◆ **ASSIGNMENT**: Omit the pictures and copy the entries exactly.

◆ **RECORDS FOR PROCESSING**:
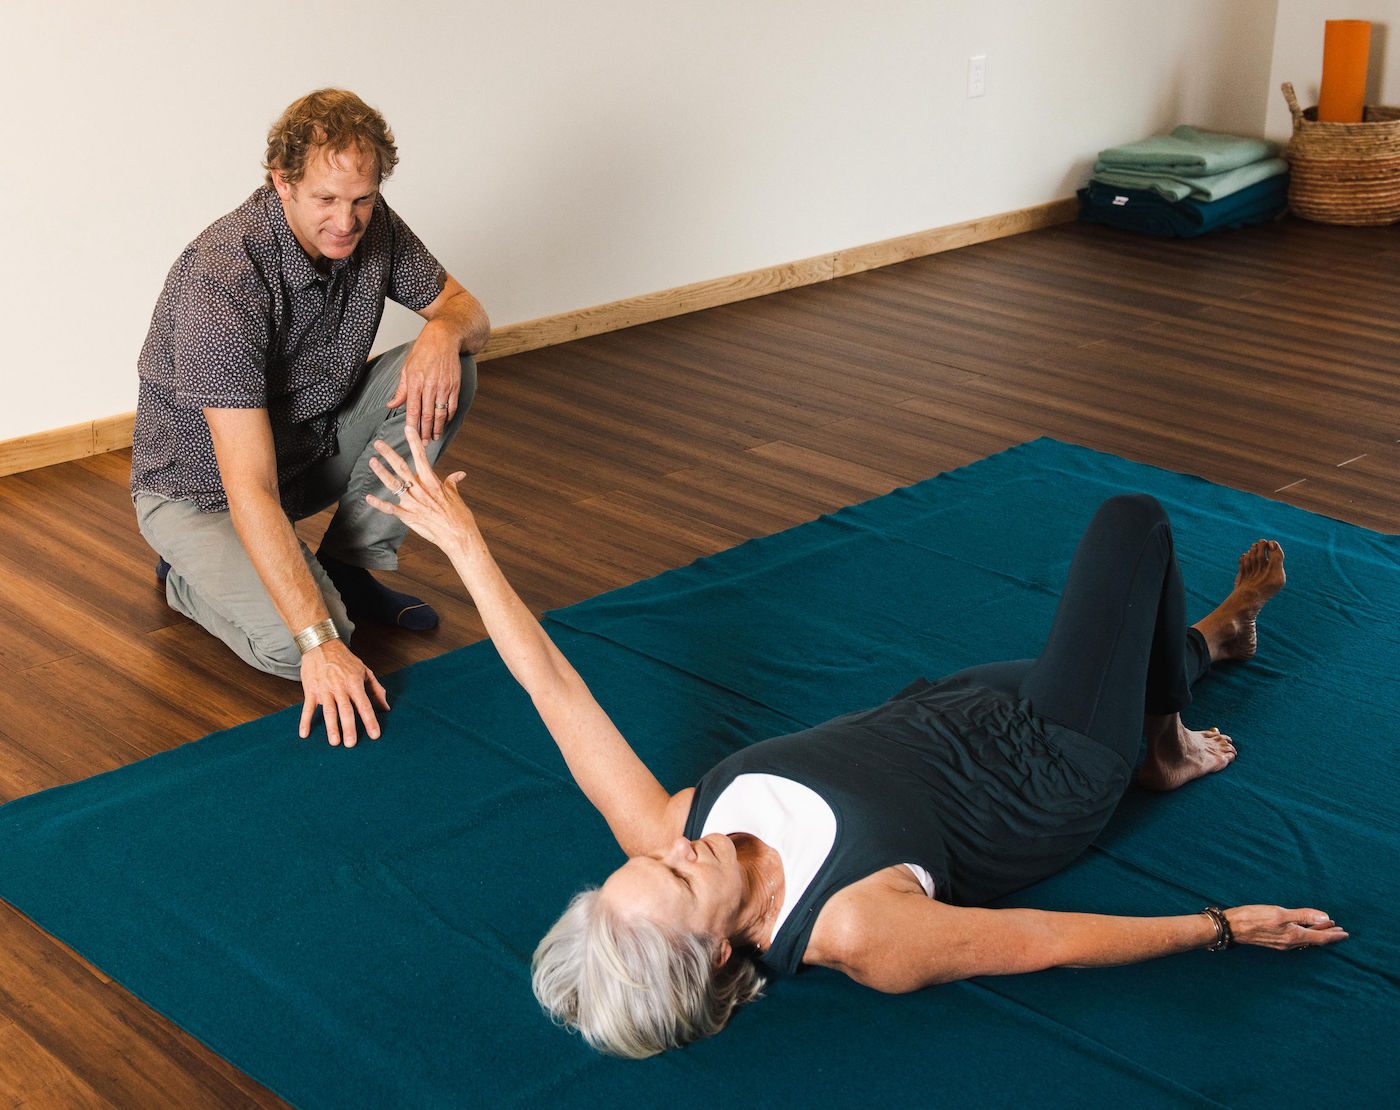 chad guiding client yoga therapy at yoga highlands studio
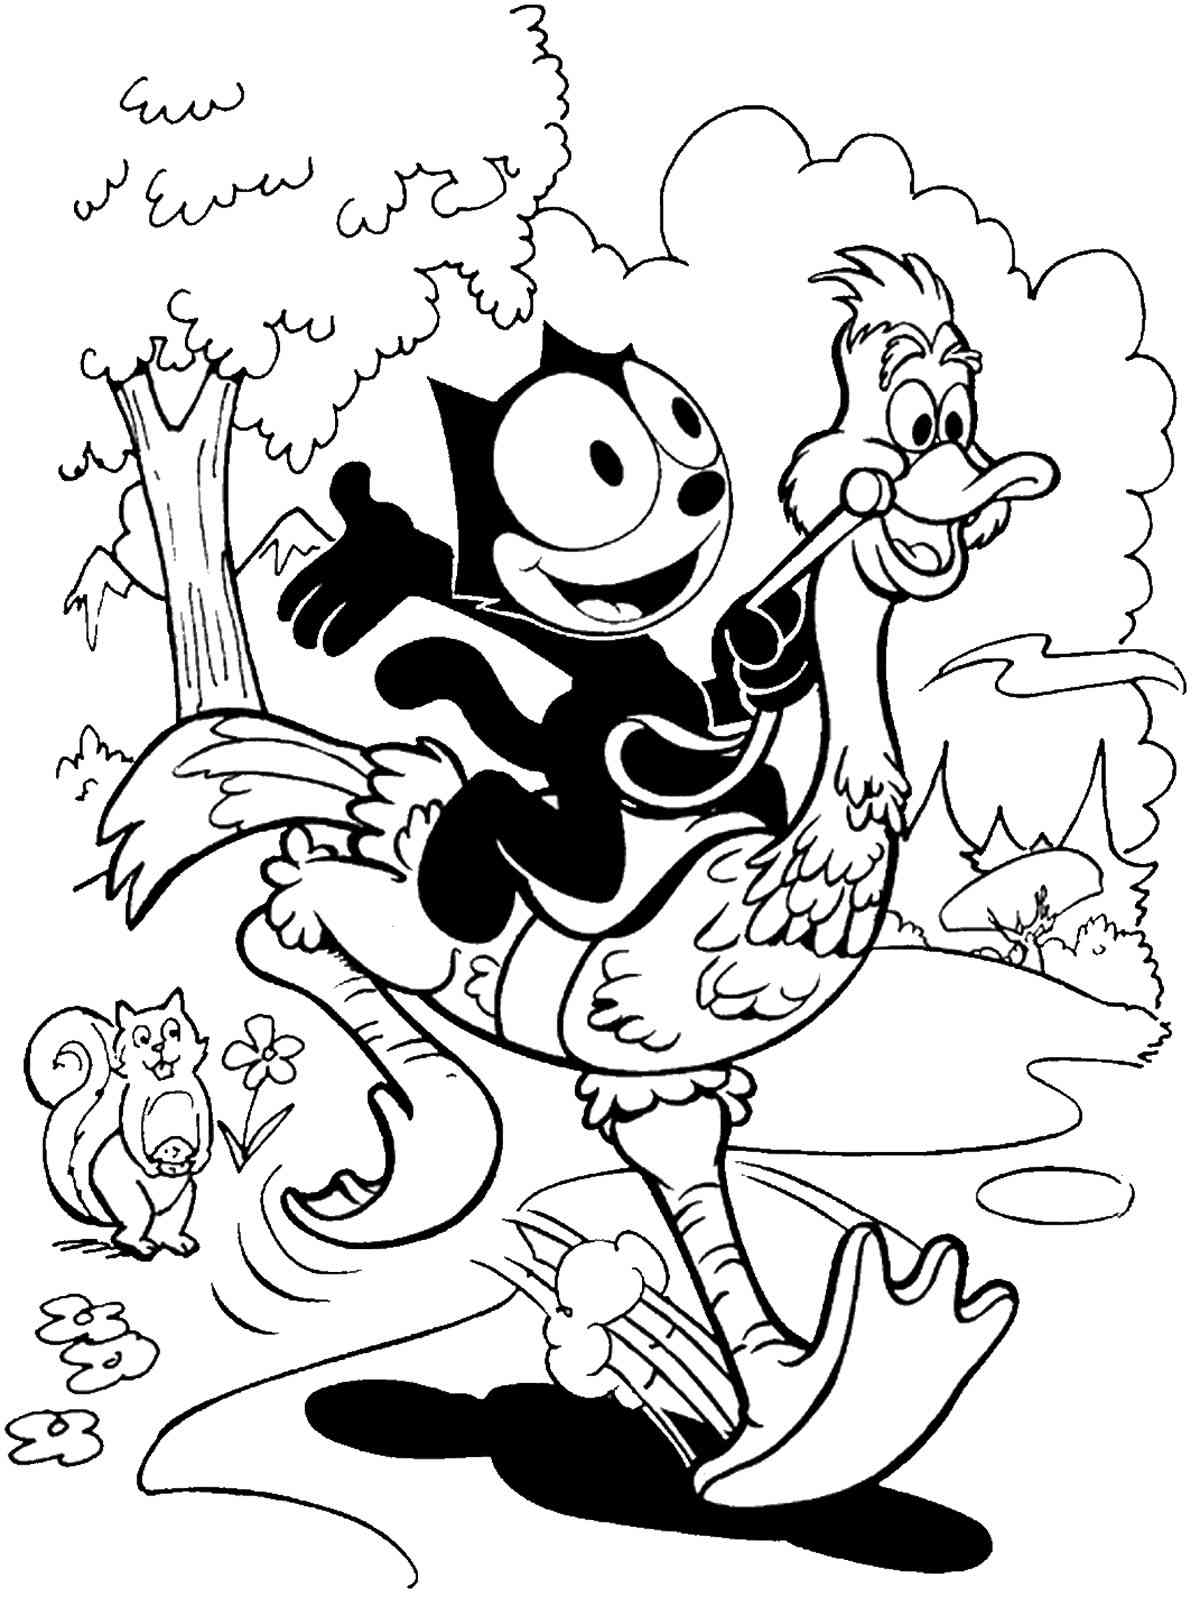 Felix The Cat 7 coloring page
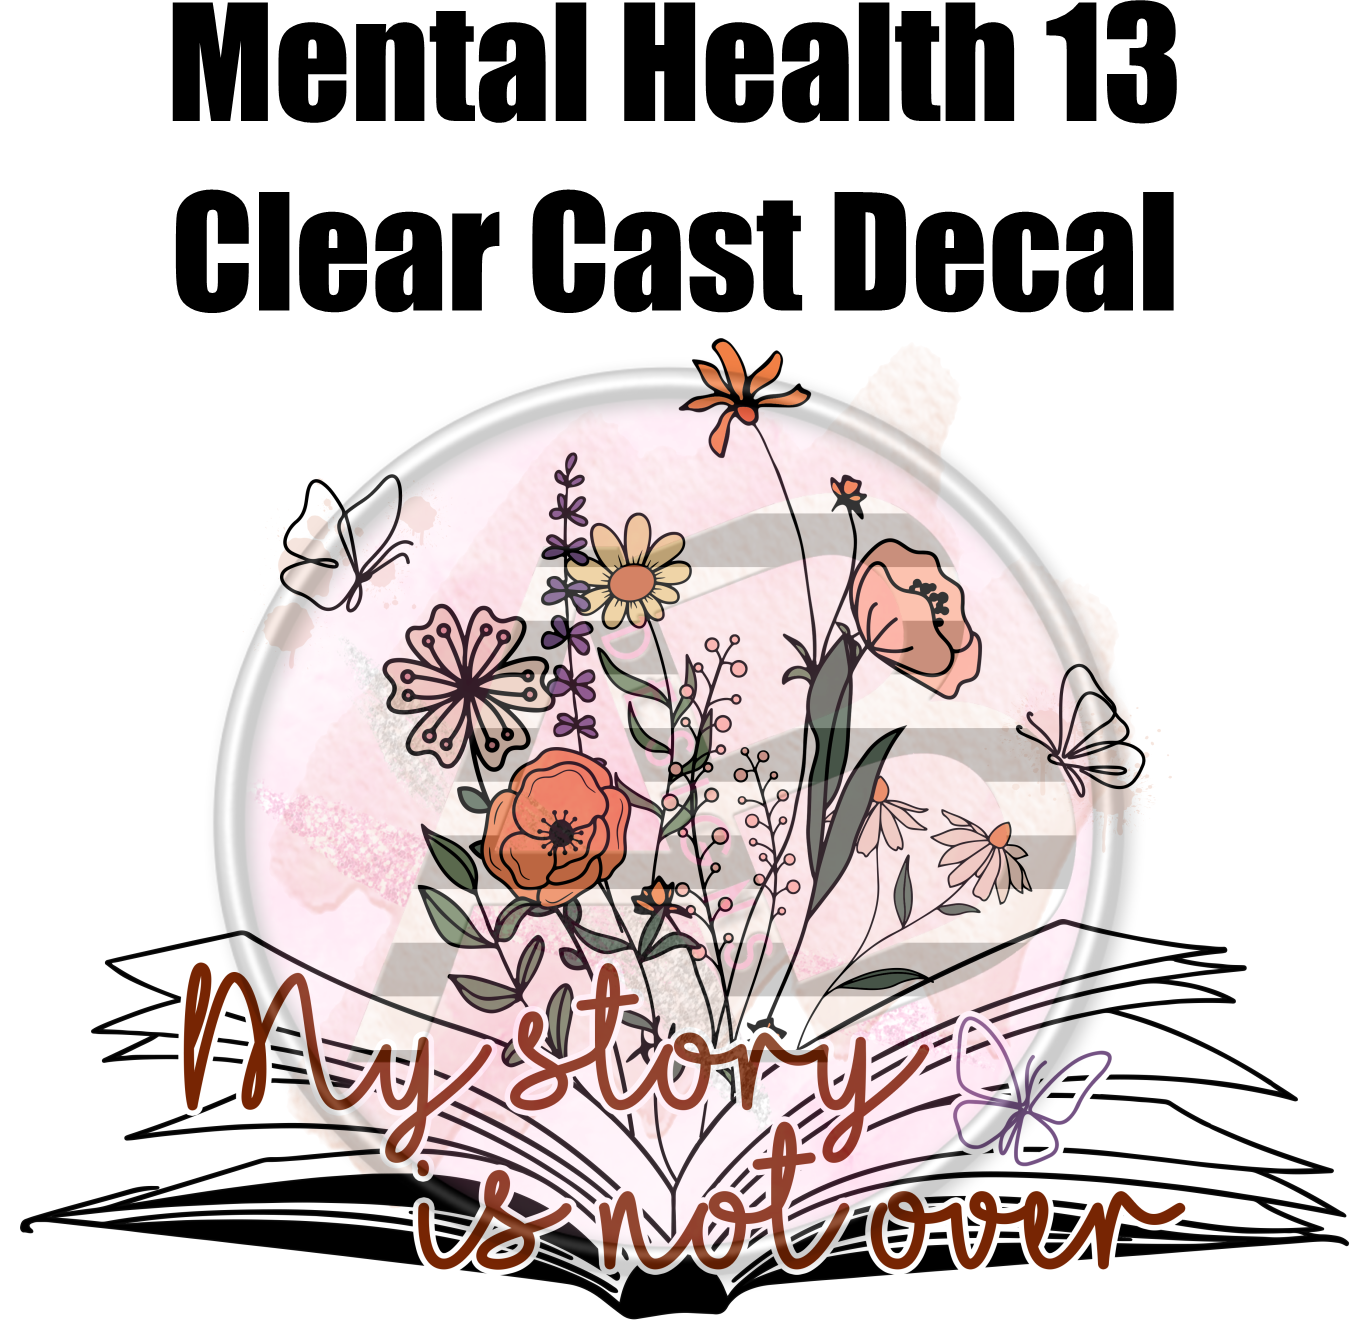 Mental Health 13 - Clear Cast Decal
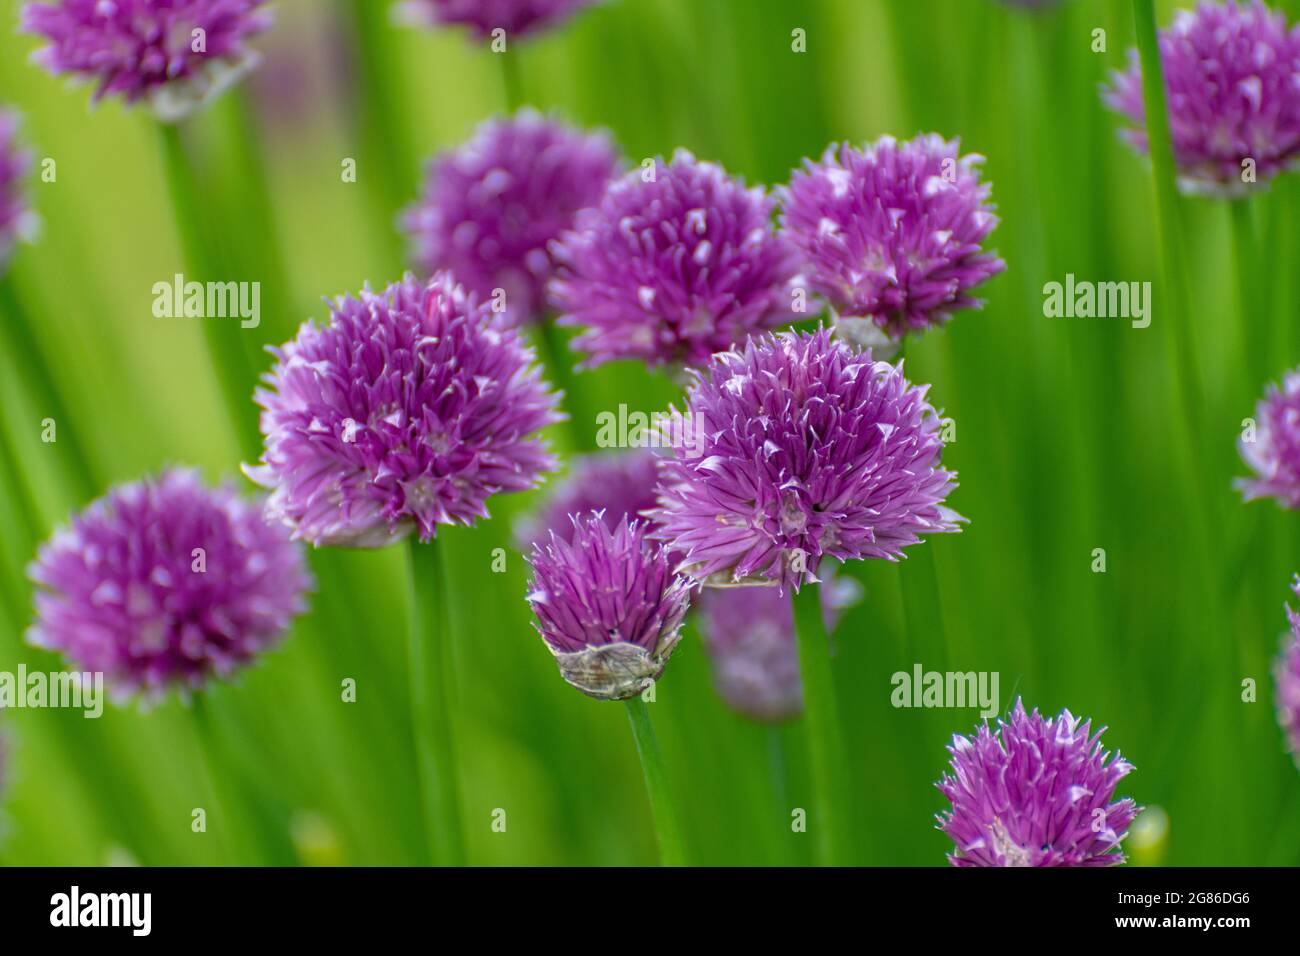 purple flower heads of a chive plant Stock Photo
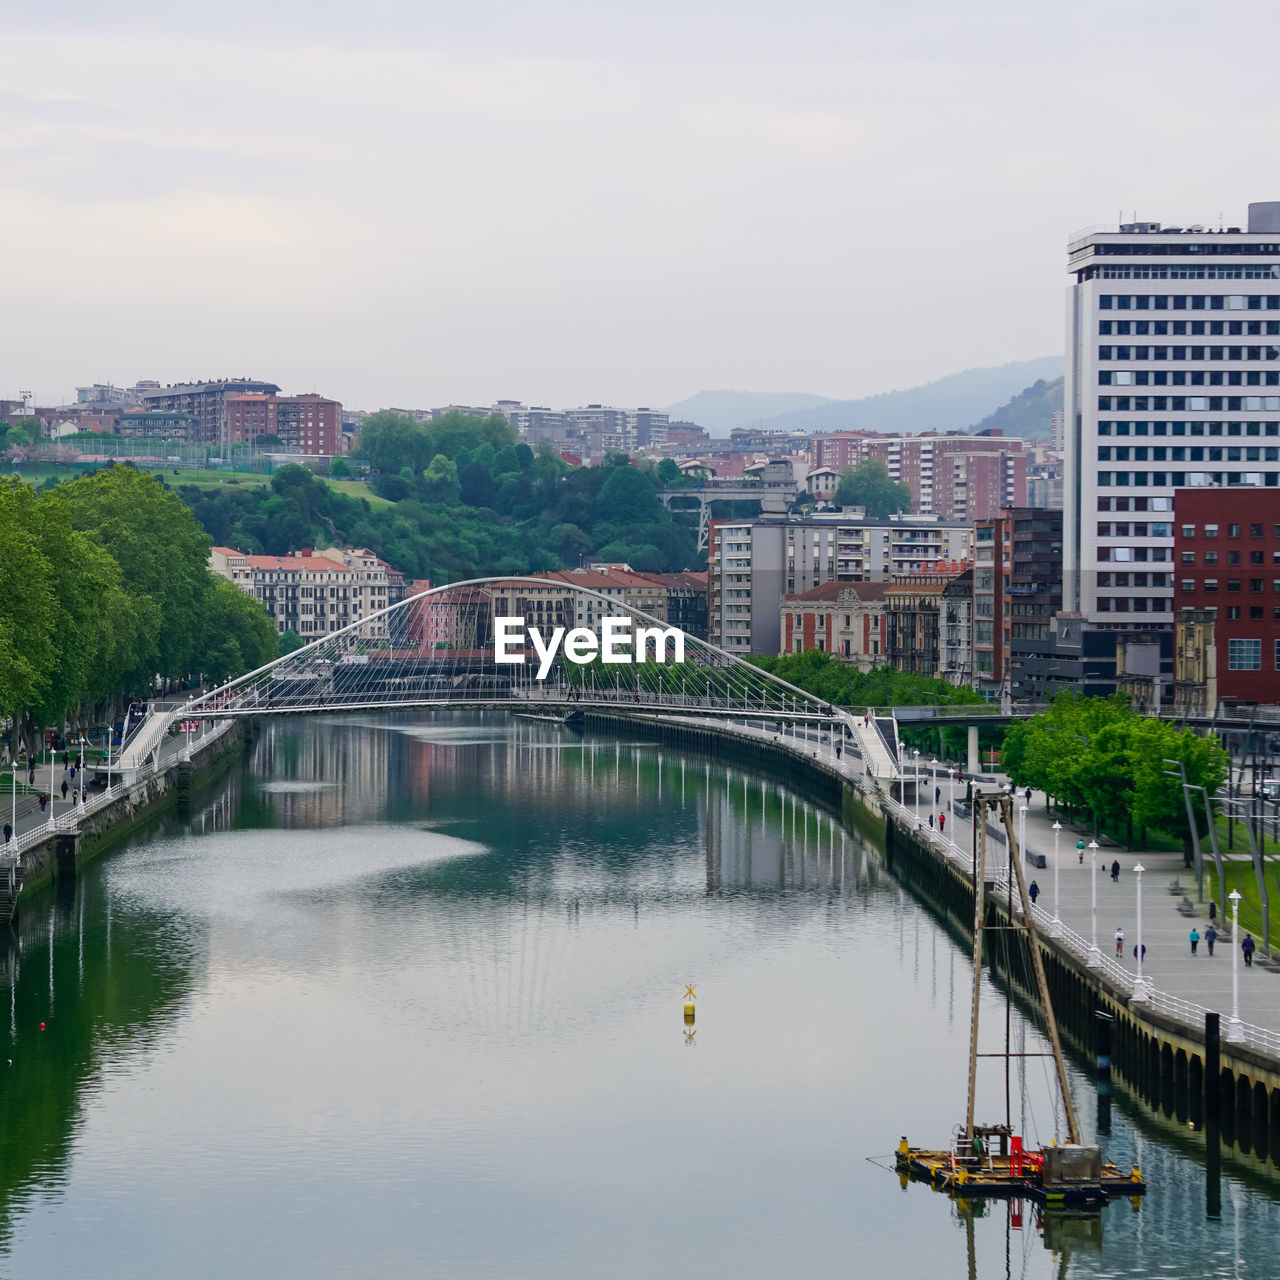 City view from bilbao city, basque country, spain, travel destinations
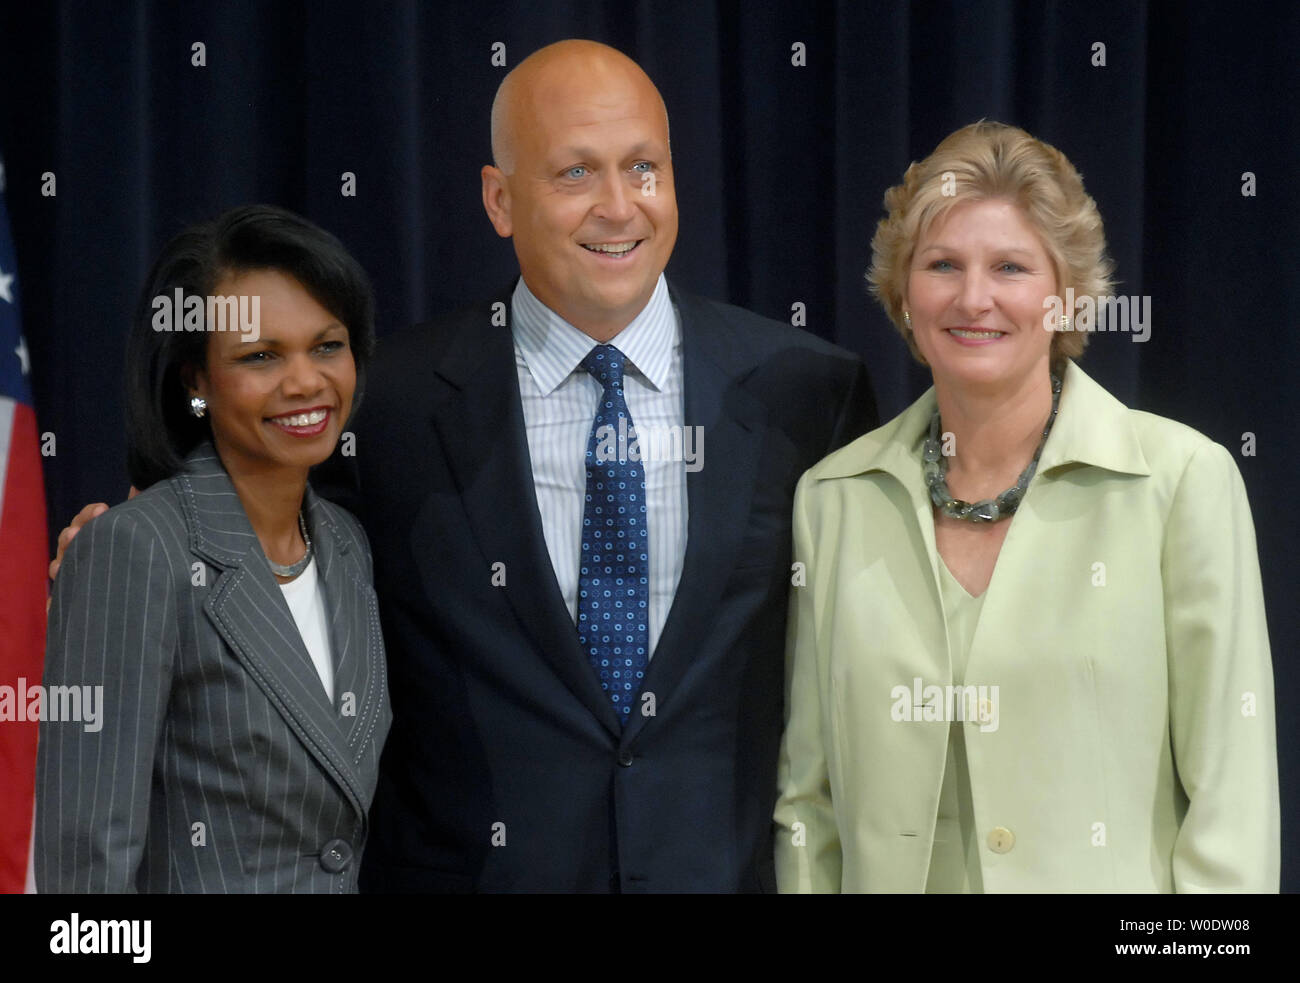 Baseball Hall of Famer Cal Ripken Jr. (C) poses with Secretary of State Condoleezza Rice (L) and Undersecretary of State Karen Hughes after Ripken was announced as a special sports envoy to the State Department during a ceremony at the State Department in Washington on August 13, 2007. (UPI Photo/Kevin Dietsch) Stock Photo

◆ **RESULT OF THIS TASK**:
 chad guiding client yoga therapy at yoga highlands studio
 Felix The Cat 7 coloring page
 Mental Health 13 - Clear Cast Decal
 purple flower heads of a chive plant Stock Photo
 City view from bilbao city, basque country, spain, travel destinations
 Baseball Hall of Famer Cal Ripken Jr. (C) poses with Secretary of State Condoleezza Rice (L) and Undersecretary of State Karen Hughes after Ripken was announced as a special sports envoy to the State Department during a ceremony at the State Department in Washington on August 13, 2007. (UPI Photo/Kevin Dietsch) Stock Photo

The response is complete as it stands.